Raw data —
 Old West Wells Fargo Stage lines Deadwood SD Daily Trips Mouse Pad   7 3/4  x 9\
* * *
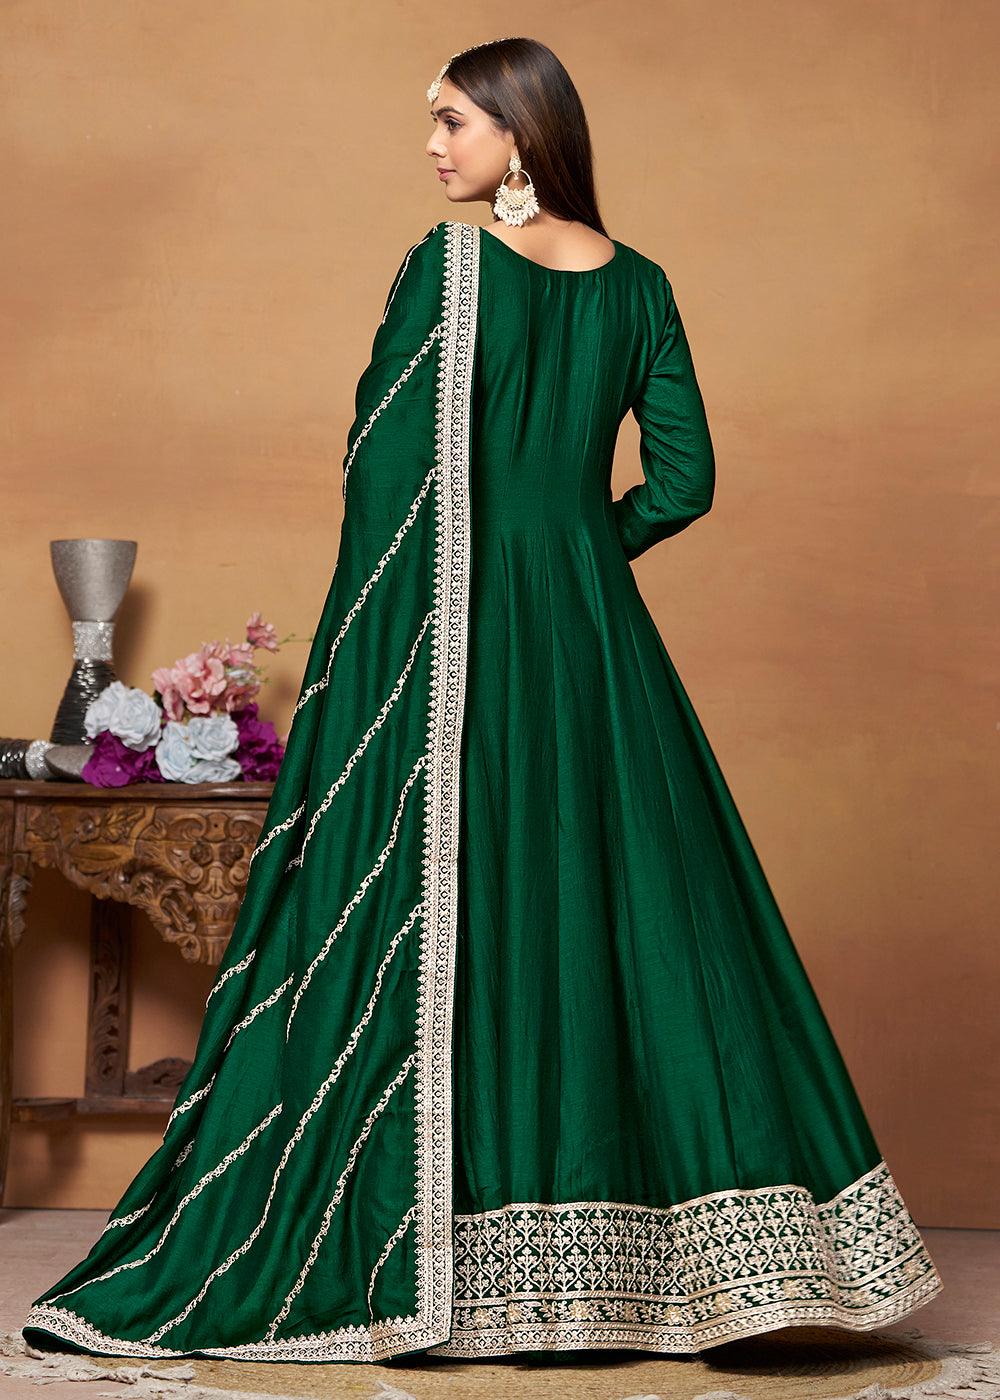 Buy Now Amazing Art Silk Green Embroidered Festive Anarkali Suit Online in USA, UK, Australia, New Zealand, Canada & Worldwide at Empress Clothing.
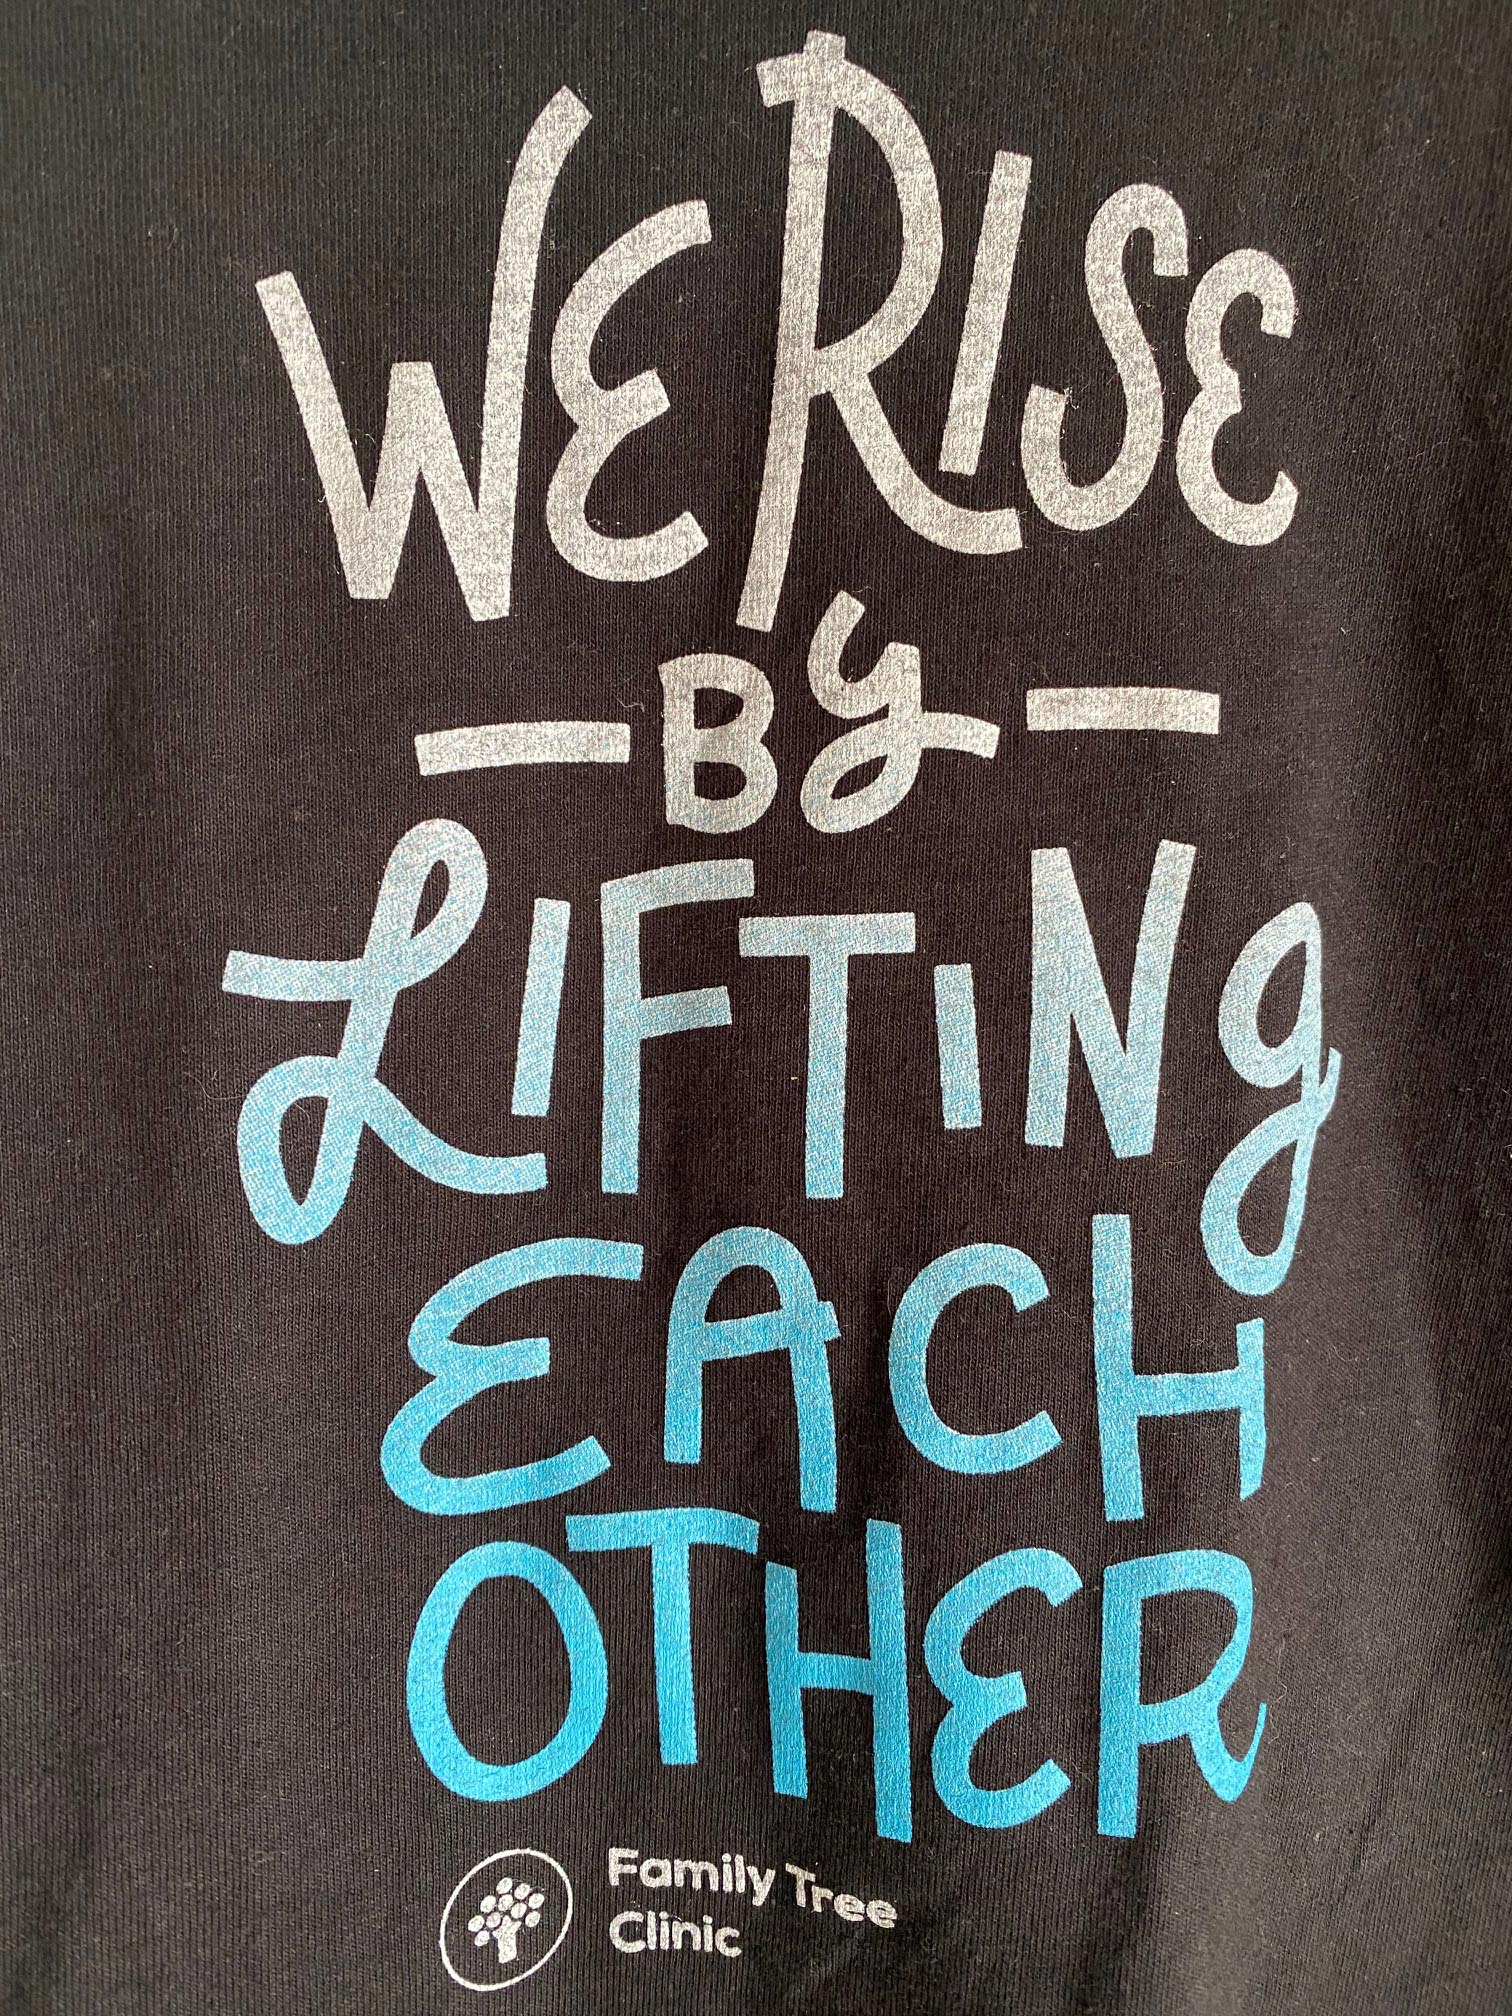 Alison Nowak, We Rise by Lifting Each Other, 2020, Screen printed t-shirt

Exercise objective — Reproduce the listing above only between the lines holding "Buy Now Amazing" and "Alison Nowak, We", inclusive. Every line must match exactly, and pictures are dropped.

Answer to this problem —
 Buy Now Amazing Art Silk Green Embroidered Festive Anarkali Suit Online in USA, UK, Australia, New Zealand, Canada & Worldwide at Empress Clothing.
 Alison Nowak, We Rise by Lifting Each Other, 2020, Screen printed t-shirt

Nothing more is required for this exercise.